Les Français se disent moins racistes, mais les “vieux clichés” se meurent

Aurélia

Les Français se disent de moins en moins racistes, l’indice de tolérance envers les autres ne cesse de progresser. Et pourtant, les résultats sont “alarmants”, selon la Commission nationale consultative des droits de l’homme (CNCDH). Dans son rapport annuel sur la lutte contre le racisme, l’antisémitisme et la xénophobie, publié lundi 18 juillet, l’institution pointe la “persistance de phénomènes discriminatoires” selon l’origine, la religion ou la couleur de peau avérée ou alléguée. “Certains préjugés racistes, antisémites et xénophobes” restent “vivants et, surtout, leur expression se renouvelle, se diversifie, voire s’intensifie selon les contextes”, soulignent les auteurs, qui formulent cinquante-cinq recommandations.
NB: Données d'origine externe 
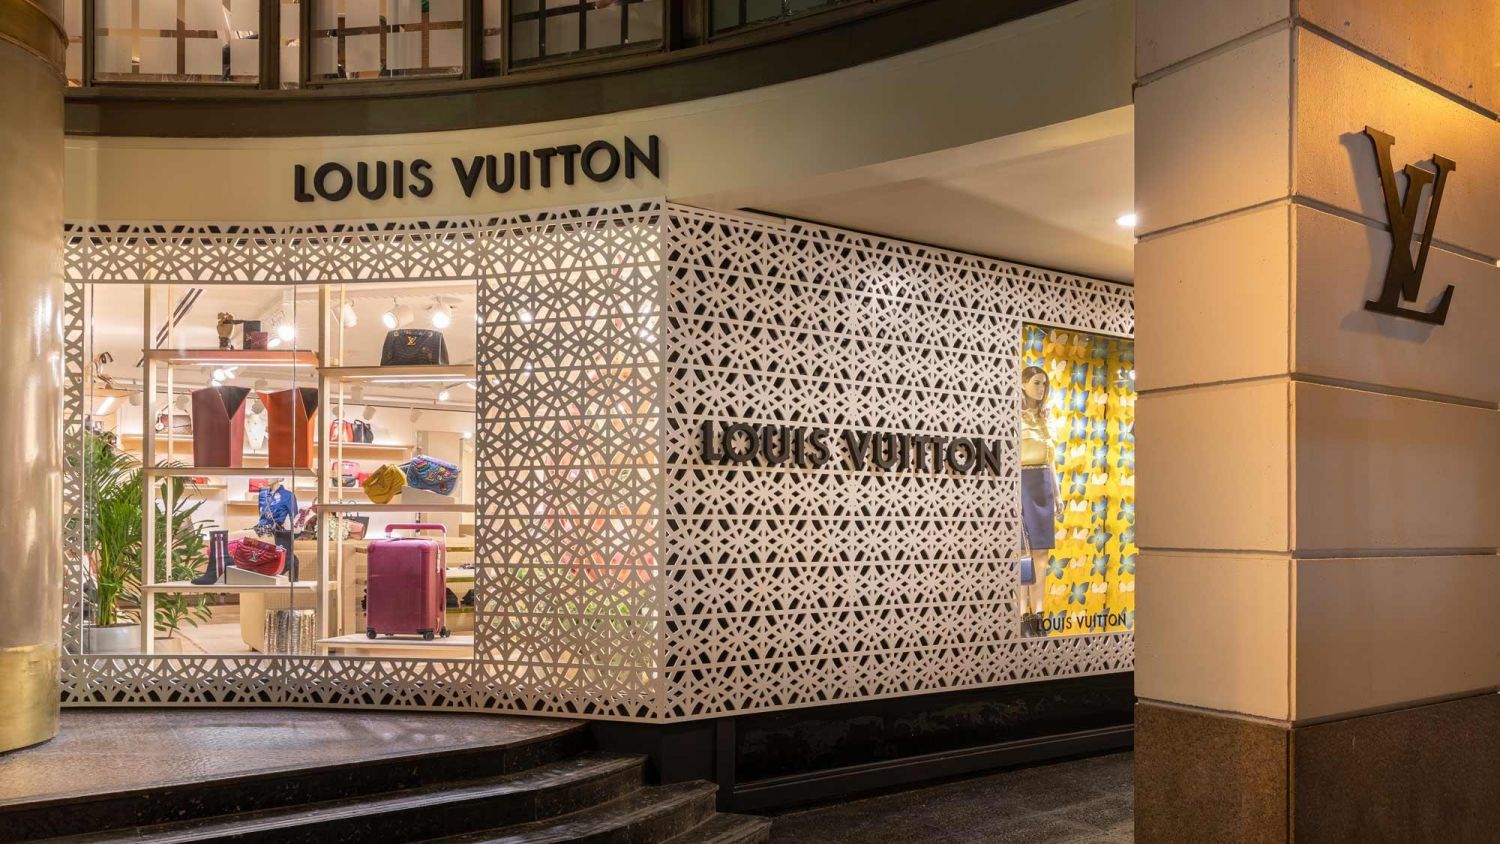 Las mejores ofertas en Louis Vuitton sudaderas de algodón para hombres

Alors que la France célèbre cette année les 50 ans de la loi du 1er juillet 1972, dite “loi Pleven”, qui a créé les délits spécifiques d'”injure et [de] la diffamation à caractère raciste » ainsi que « l’incitation à la discrimination, à la haine ou à la violence raciale », et 51 ans après la ratification de la Convention internationale sur l’élimination de toutes les formes de discrimination raciale, la CNCDH note que « les discours stigmatisants à caractère raciste et les nuances xénophobes n’ont pas disparu.” En cause, notamment, la crise sanitaire, qui a permis le déploiement de “théories du complot antisémite”, et la campagne présidentielle, “marquée par le retour obsessionnel des questions migratoires et sécuritaires”.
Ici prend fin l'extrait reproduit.